Ever heard of Maryam Namazie? If not, I hope I am doing you a favour by saying something about her. Maryam is a secular activist who escaped from Iran after the revolution. She had been invited by Warwick Atheists, Secularists and Humanists (WASH) group to speak about secularism to Warwick University’s Student Union on 28 October. However, she has now been banned from attending by the Student Union.
The union said Maryam’s presence could be regarded as “highly inflammatory” and “incite hatred on campus.” Isaac Leigh, president of Warwick Student Union said: “The initial decision was made for the right of Muslim students not to feel intimidated or discriminated against on their university campus rather than in the interest of suppressing free speech.”
Her speech was likely to have addressed the subjects of apostasy, blasphemy and nudity in the age of Isis. Now pardon me but to most people these are not the most pressing or controversial issues confronting students, or the vast majority of the rest of the population. By an act of straightforward censorship – and make no mistake that’s what it is – the Student Union has said that people should not be able to discuss or criticise islamism or islamic fascism and terrorism because it might be “highly inflammatory” and “could incite hatred”.

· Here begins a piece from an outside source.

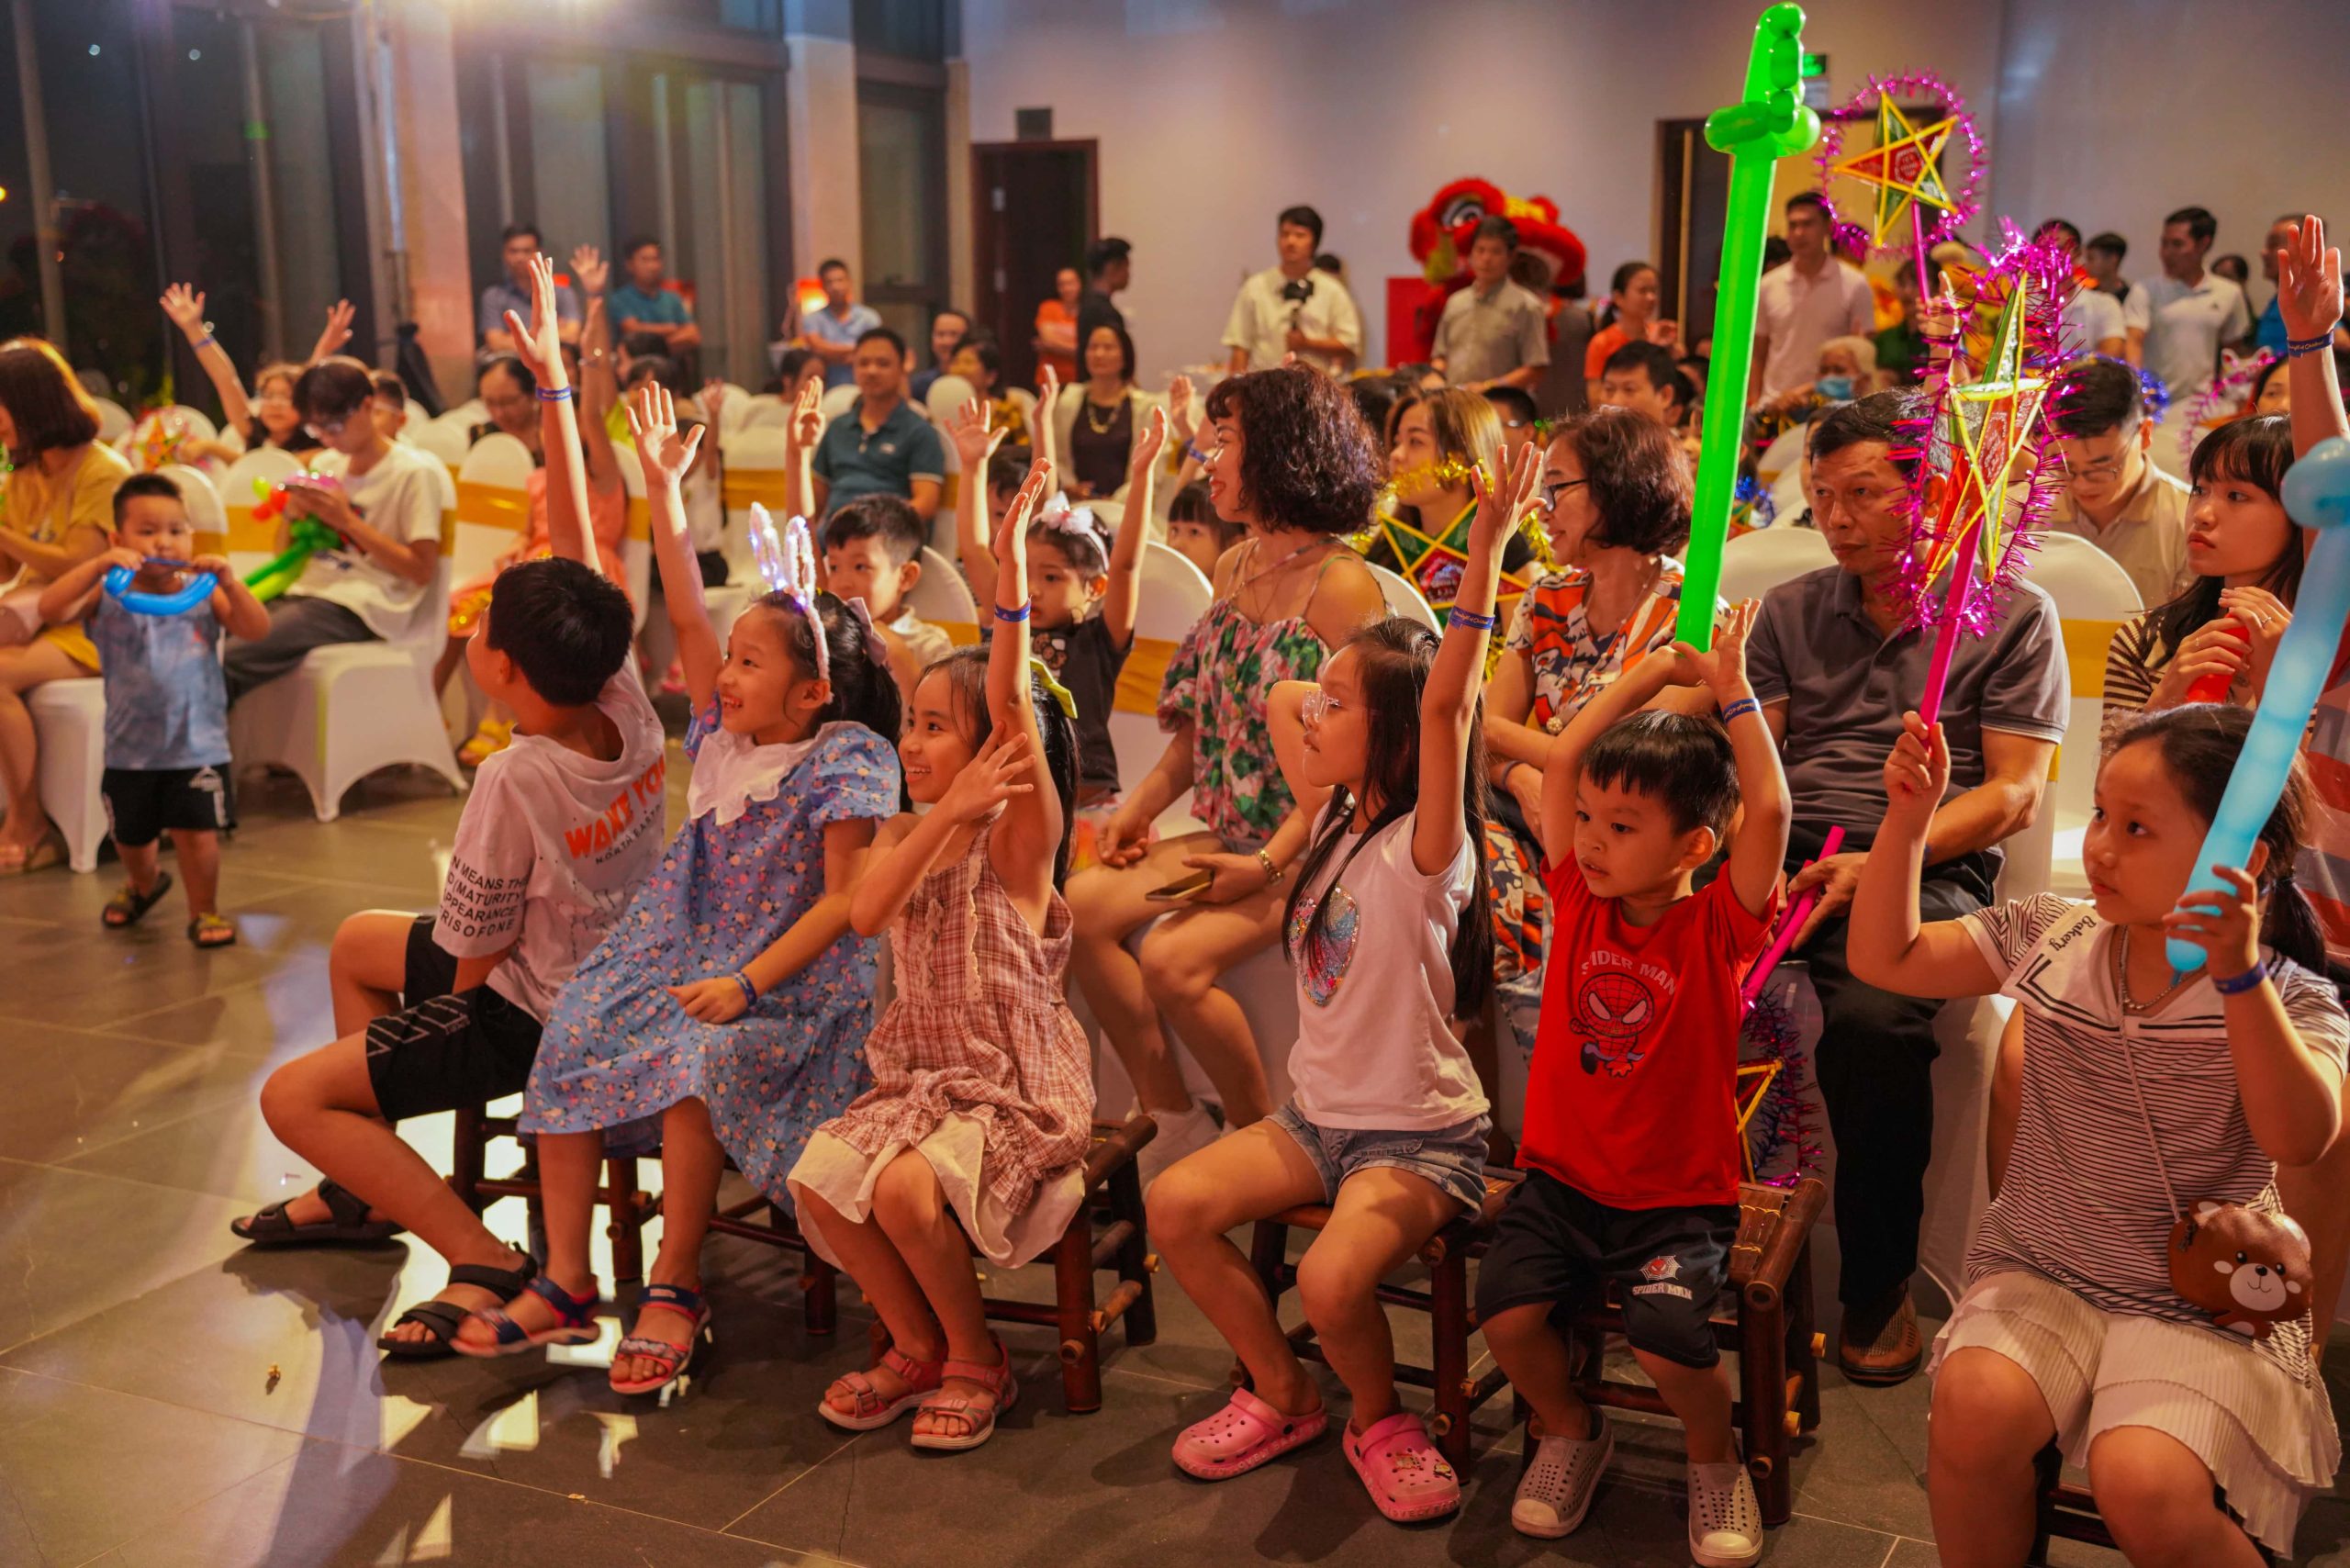 Tập đoàn An Lạc tổ chức chương trình “Ánh trăng tuổi thơ” tại KĐT Anlac Green Symphony

The point about living in a so-called free country – and you do wonder about that sometimes – is that nothing should be off limits. There is no reason why any kind of religion cannot be questioned, criticised and even ridiculed, least of all not islam from which all manner of strands of thought have originated.

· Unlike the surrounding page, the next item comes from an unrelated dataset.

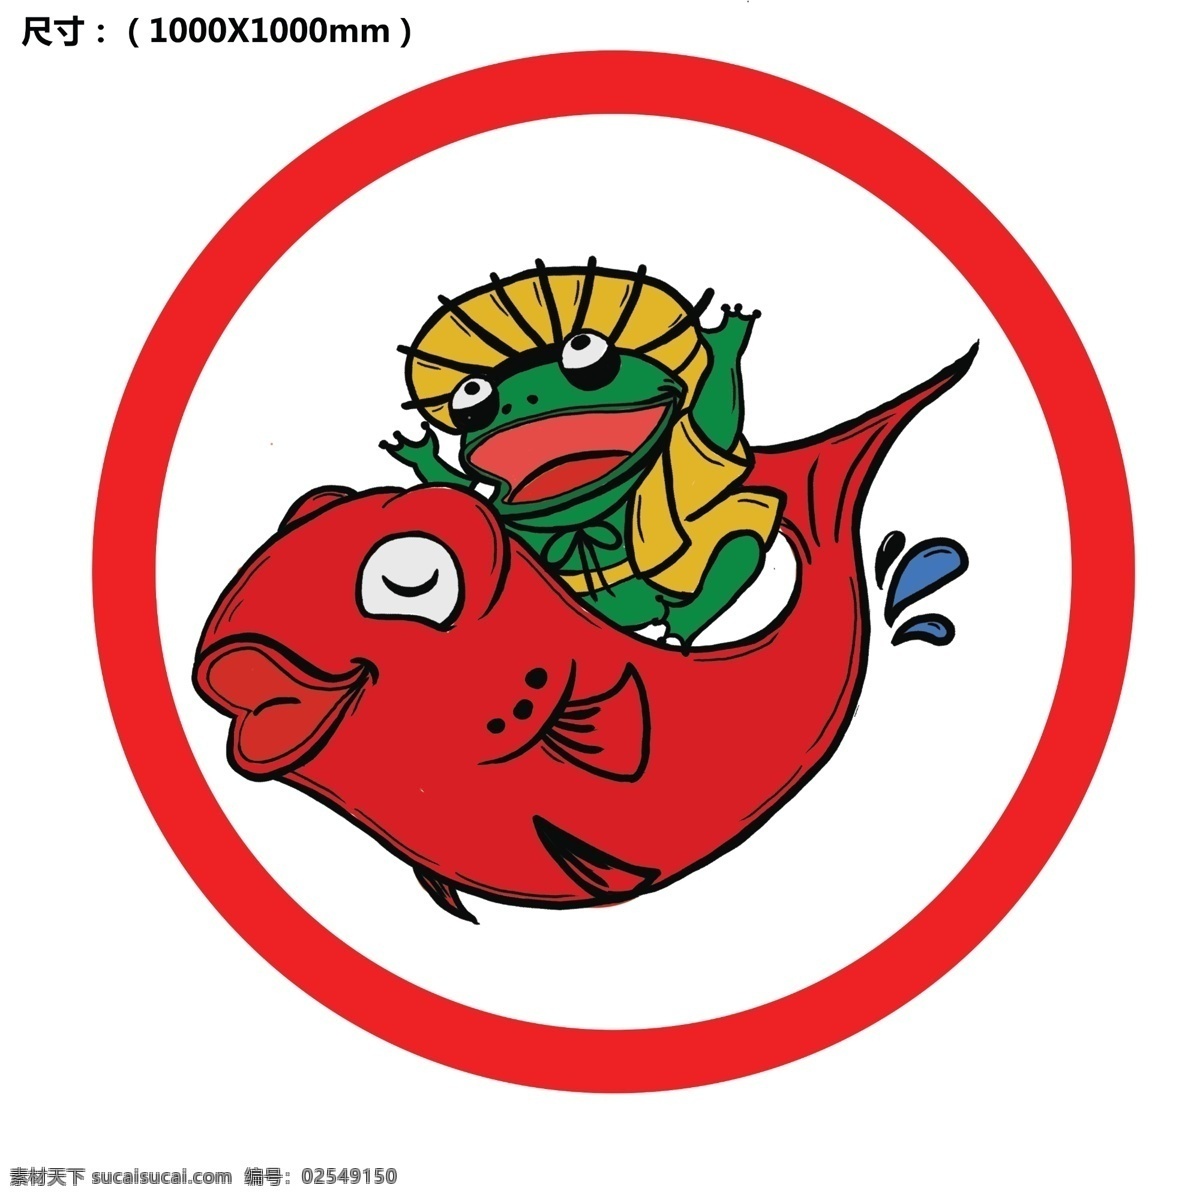 美蛙鱼头 鱼头logo 鱼头 红色鱼 圆形logo

So, why then have the Warwick Student taken such a crass decision? They are worried about upsetting some people – well, that’s really just too bad. Maryam Namazie would not be allowed to be remotely critical if she still lived in Iran where apostasy and blasphemy are punishable by death but we don’t live in such a backward thinking country.
The Student Union has to change its decision and allow Ms Namazie to speak. It is not for them to make judgements about what or what isn’t inflammatory. In fact, their duty is to uphold and promote free speech not to stifle it.